The Senate under the principate discharged administrative functions in regard to religion, the affairs of Italy, and at first of the city itself; but its important control was over the senatorial provinces. In these provinces, however, the princeps had certain powers which resulted from his control of the troops, and again, because of the collection by imperial officers of the revenues which came to the fiscus of the emperor. Since his imperium was maius, all proconsuls were his subordinates and under his direction (Momm. Staatsr. ii. 227). The final result was the entire subordination of authority in the senatorial provinces to that of Caesar. This change is seen in the gradual modification in the relations existing between the princeps and the proconsuls of senatorial provinces. The former at first refused to control such officials of the Senate and people (Tac. Ann. ii. 47; iii. 60; Momm. Staatsr. iii. 1211), but in the latter part of the second century, Caesar, by virtue of his maius imperium, controlled proconsuls, and looked to them to follow his edicts as carefully as any of his own legati Lex de Imperio, 6; Momm. Staatsr. ii. 843). What was true of the provinces was true of the general departments of administration in Italy and in Rome. They were gradually brought under the control of the princeps, so that officers of his own appointment, praefecti and procuratores, were in charge of public works, of the corn supply, and of the viae.

As regards judicial functions, Augustus made the Senate a high court of justice, in which he himself sat, and thus could influence decisions by his vote and by his right of intercessio (Tac. Ann. iii. 12; iv. 34; iii. 70). Although all criminal cases could be brought before this court, only those of the highest importance really fell to its jurisdiction. The emperor also had a private court of his own, before which only cases of political importance seem to have been brought (Suet. Aug. 32). The court of the praetors still existed in Rome and Italy, but the princeps often appointed the praetor and frequently sat at his side as assessor (Dio Cass. liii. 2, 3; Tac. Ann. i. 75). Appeals from senatorial provinces against the judicial decisions of governors were often heard by the princeps on the authority of his maius imperium (Mommsen, Staatsr. ii. 110).
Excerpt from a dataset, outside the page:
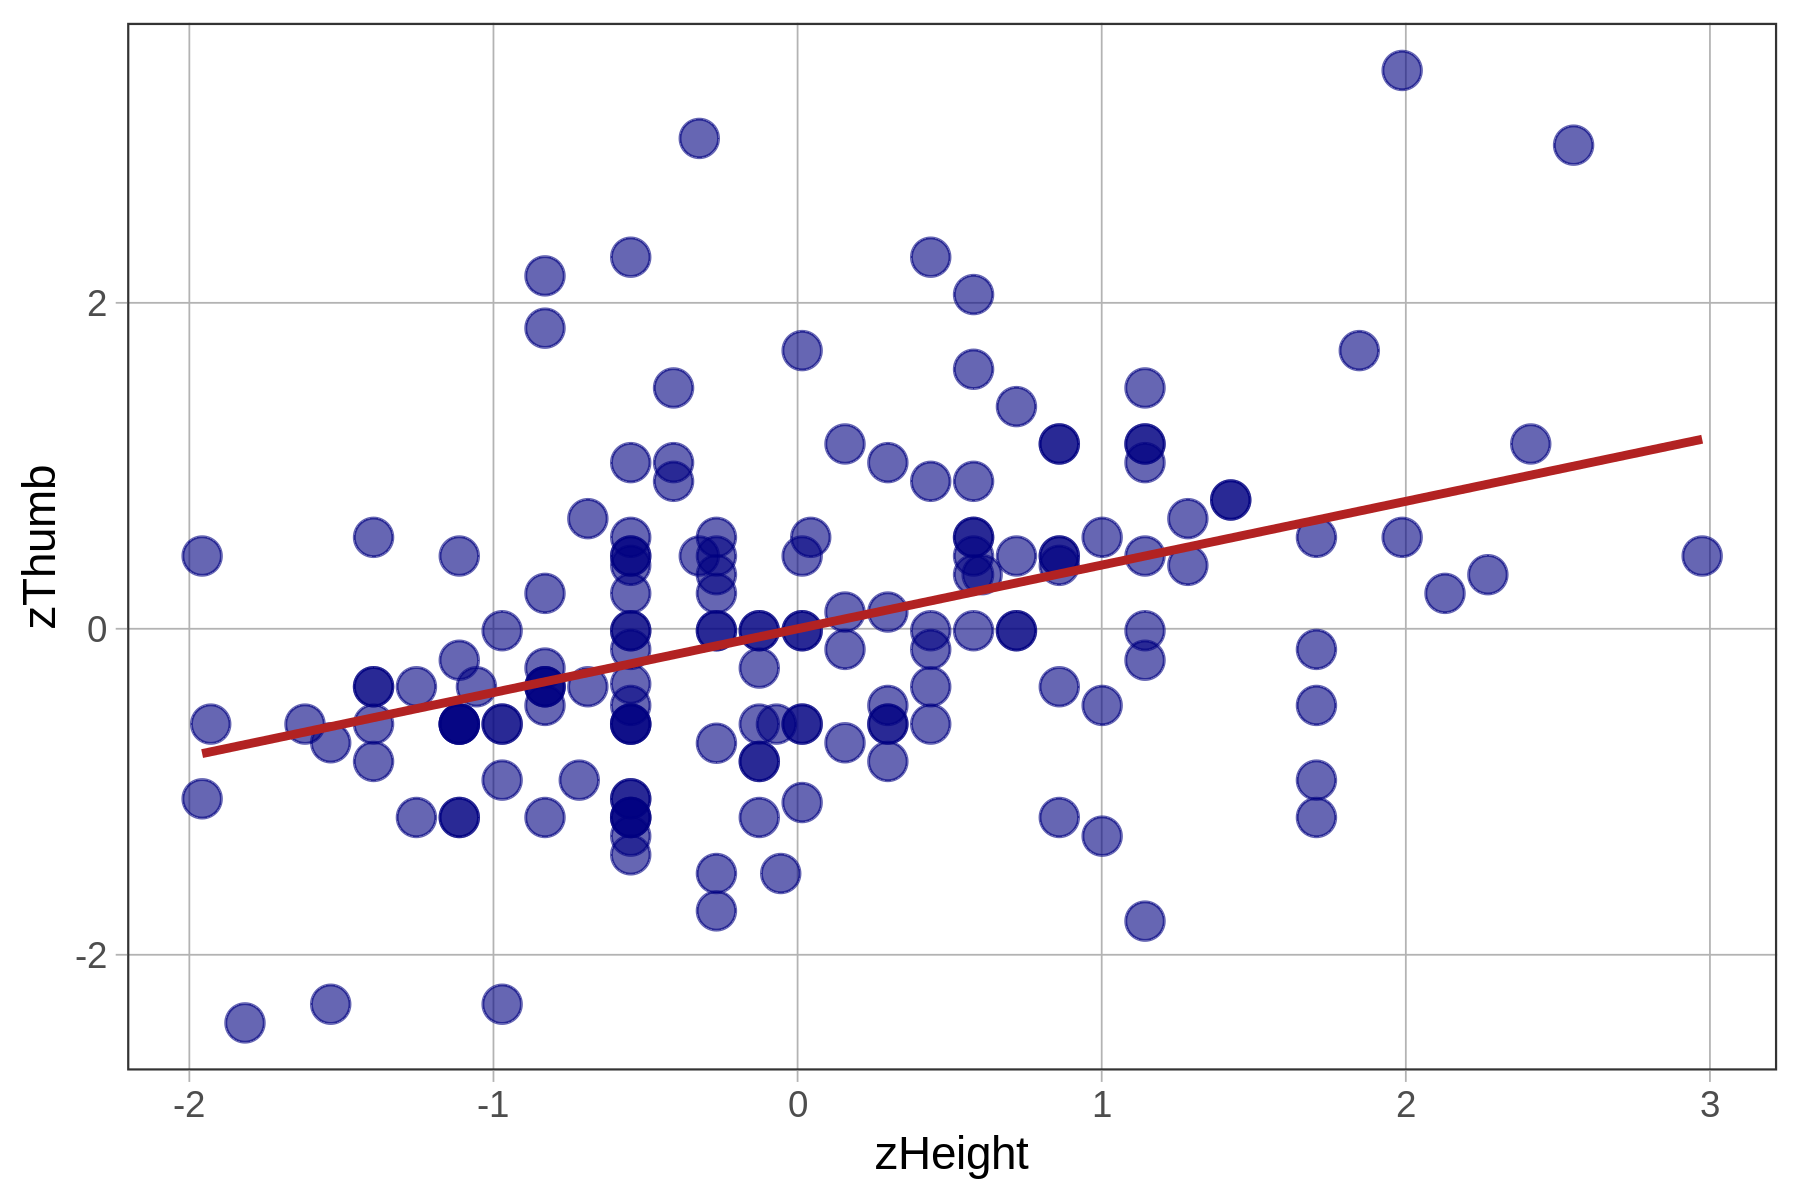 A scatterplot of the distribution of zThumb by zHeight overlaid with best-fitting regression line. The two distributions look the same except the scale of the axes.

The Senate, by the republican theory, had no direct legislative power, save through the acceptance of senatus consulta by the assembly of the people. Under the principate, however, the senatus consulta, enacted according to the wish of the emperor, became laws. The emperor, however, became the real source of law, for by special acts of the Senate (Verr. ii. 2, 49, 121) he was empowered to found colonies, grant charters, confer the Roman franchise (leges datae) (e. g. the Lex Malacitana, Bruns, Fontes Iuris Romani, vi. 147; C. I. L. ii. 876, 1964); and on his own authority he issued legislative documents (constitutiones), which were entirely of imperial origin. These were either edicta, decreta, rescripta, or epistulae. See Bruns, op. cit. 237 foll.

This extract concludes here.